A new NASA Hubble image showed a colorful spiral galaxy that has an explosive past. Aside from this, the NASA Hubble Space Telescope together with Chandra Observatory also captured the burning wings of the so-called Butterfly Nebula.
NASA Hubble Image Displays Amazinf View of Massive Spiral Galaxy
To further emphasize this spiral galaxy, the space agency stated that the photo acquired from the NASA Hubble Space Telescope showed how the flowing spiral arms of NGC 976 fill the picture. This historic galaxy is located in the constellation Aries and remains 150 million light-years away from the Milky Way.
Take it in.— Hubble (@NASAHubble) January 14, 2022
This breathtaking #HubbleFriday view shows the spiral galaxy NGC 976. It’s located 150 million light-years away, in the constellation Aries.
Discover more: https://t.co/kv1OBHyE9e pic.twitter.com/h1eWmKmGCb
Despite its serene look, NGC 976 was a home of an astronomical event: a supernova explosion.
Moreover, ScreenRant explained that when a star reaches the end of its life, it explodes in a massive, dazzling outburst that can be brighter than an entire galaxy. While these explosions are extremely powerful and demolish everything in their path, they also represent the start of something new.

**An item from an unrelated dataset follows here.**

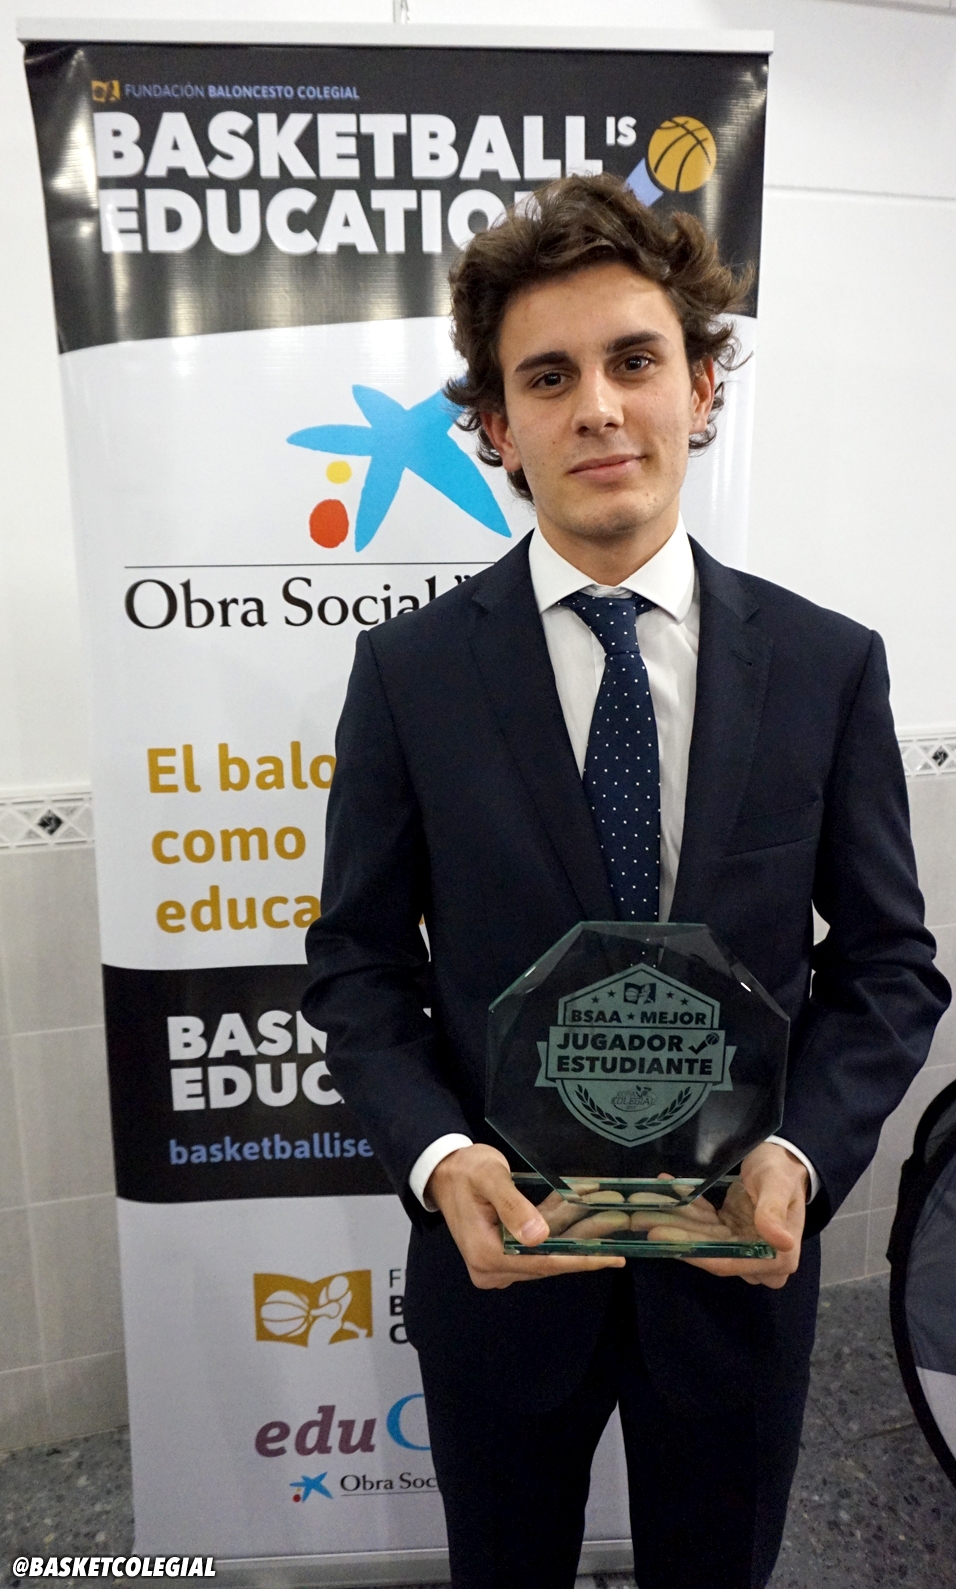 Premios Mejor Jugador-Estudiante Sevilla 2017 18

"While supernovae mark the deaths of massive stars, they are also responsible for the creation of heavy elements that are incorporated into later generations of stars and planets," the NASA blog post continued.

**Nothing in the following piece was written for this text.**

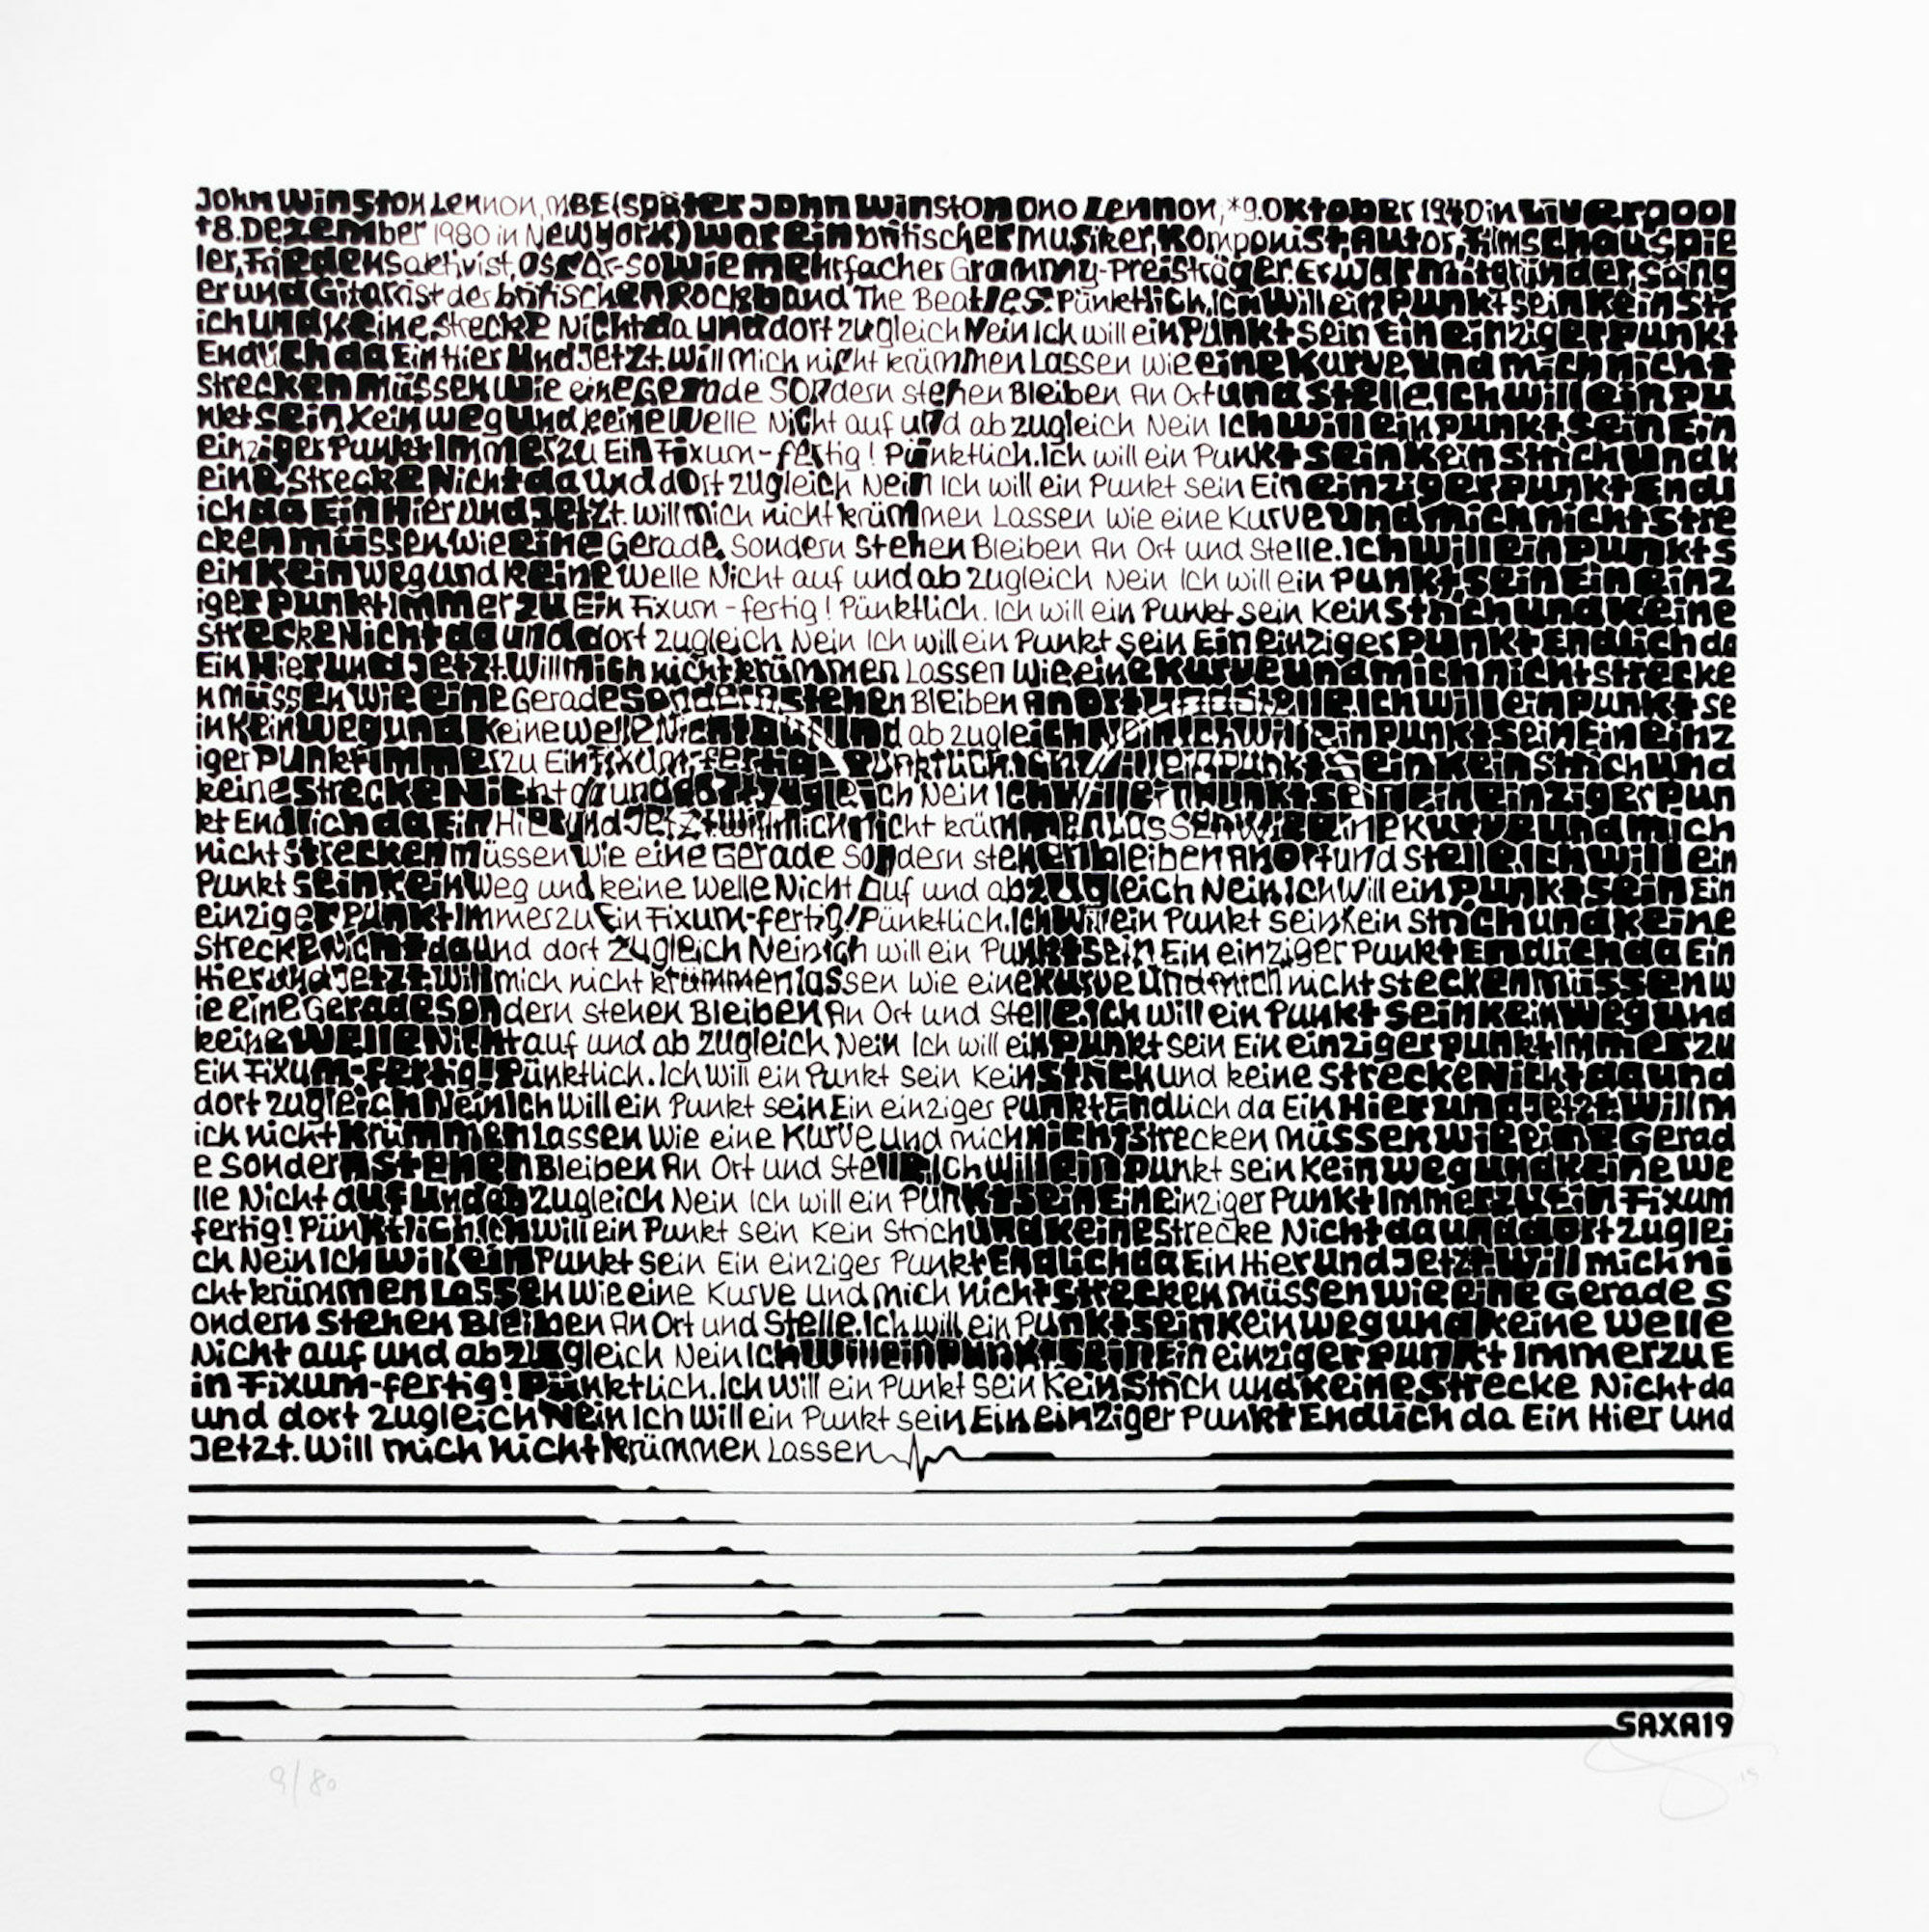 Bild "John Lennon" (2019) von SAXA

Despite this, supernovas provide numerous benefits. One of the said benefits that this occurrence brings is that these massive explosions can aid astronomers in determining the distance between galaxies such as NGC 976.
While some of the energy released by a supernova is chaotic and out of control, some of it is quite uniform.
In addition to the aid it brings, the NASA Hubble image, which was made using data from Hubble's Wide Field Camera 3, is part of a massive collection of Hubble views of neighboring galaxies that feature supernovas and Cepheid variables--which is a pulsating type of stars.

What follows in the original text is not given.